VVLΔTK-STCΔN1L-mIL-21 + αPD1 treatment upregulates CD122 in CD8+ tumor-infiltrating T lymphocytes
To provide an overall and objective view of tumor-infiltrating T cells, here we performed a single-cell flow cytometry analysis. The obtained FACS data were analyzed via conventional gating and Uniform Manifold Approximation and Projection (UMAP) was used to reduce dimensionality of the data and to identify main clusters of immune cells. Analysis of subcutaneous tumor tissues using flow dimensionality reduction analysis at day 7 showed that, in each group that received treatment, an extra group of cells was present (Figures 4A–4C). This was most obvious in the VVΔTK-STCΔN1L-mIL21 + αPD1 group, followed by the VVΔTK-STCΔN1L-mIL21 group, but also present in the VVΔTK-STCΔN1L treatment group. Analysis of this group of cells shows that the cells have phenotypes associated with CD8+ TSCM, TEM, and TCM. The expression of CD122 and CD62L in this group of cells is upregulated (Figures 4D–4F), indicating the presence of antigen-specific activated memory T cells induced by the treatment.

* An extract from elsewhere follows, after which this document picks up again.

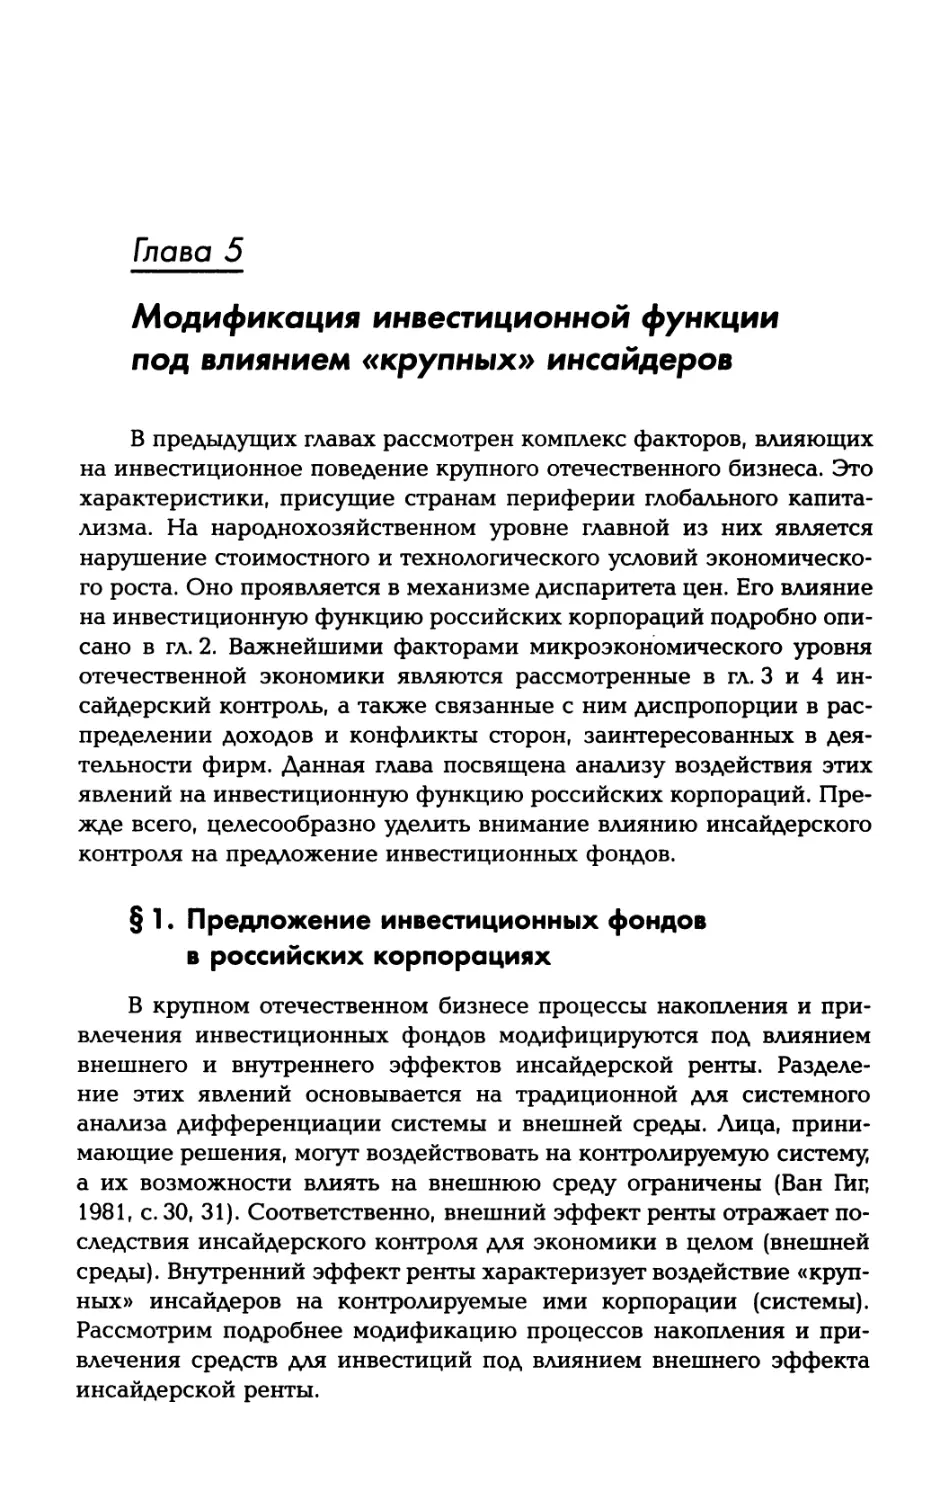 Глава 5. Модификация инвестиционной функции под влиянием «крупных» инсайдеров
§ 1. Предложение инвестиционных фондов в российских корпорациях

VVLΔTK-STCΔN1L-mIL-21 activates splenic T cells
T cell medium (TCM), chicken ovalbumin (OVA), VV peptide B8R, mouse pancreatic cancer cell line DT6606, mouse glioma cell line GL261, and lysed mouse glioma GL261 cells were used for ex vivo stimulation of splenocytes harvested on days 7, 14, and 21 post-treatment from treated mice and IFN-γ production determined 72 h later. At each time point, the secretion of IFN-γ was significantly increased after stimulation with the VV peptide B8R, indicating the emergence of an anti-viral response after treatment (Figure 5). Stimulation with GL261 cells and lysed GL261 cells also induced IFN-γ in treatment groups, most significantly in the VVΔTK-STCΔN1L-mIL21 and VVΔTK-STCΔN1L-mIL21 + αPD1 groups (Figure 5). Little IFN-γ was detected after stimulation with unrelated DT6606 cells, indicating that a tumor-specific T cell reactions had been established in response to treatment.
VVLΔTK-STCΔN1L-mIL-21 and αPD1 co-operate to remodel the TME
For each treatment group, the mouse subcutaneous tumors were sectioned at the indicated time points and the expression of PD-L1 was analyzed using immunohistochemistry (IHC) (Figure 6A). Compared with the PBS group and the VVΔTK-STCΔN1L group, the expression of PD-L1 in the tumor was significantly increased after VVΔTK-STCΔN1L-mIL21 and VVΔTK-STCΔN1L-mIL21 + α-PD1 treatment, which gradually decreased as the treatment time passed (Figure 6B). These data indicate that the combination of virus treatment with α-PD1 is critical for treatment success as virus-induced infiltrating T cells are likely to be rapidly deactivated against foreign antigens by virtue of PD1/PD-L1 interactions within the tumor. mIL-21 expression in serum was significantly upregulated after VVΔTK-STCΔN1L-mIL21 treatment on day 14 after treatment and in group VVΔTK-STCΔN1L-mIL21 + α-PD1 on both days 14 and 21, Figure 6C), demonstrating virus-induced expression of the mIL-21 payload.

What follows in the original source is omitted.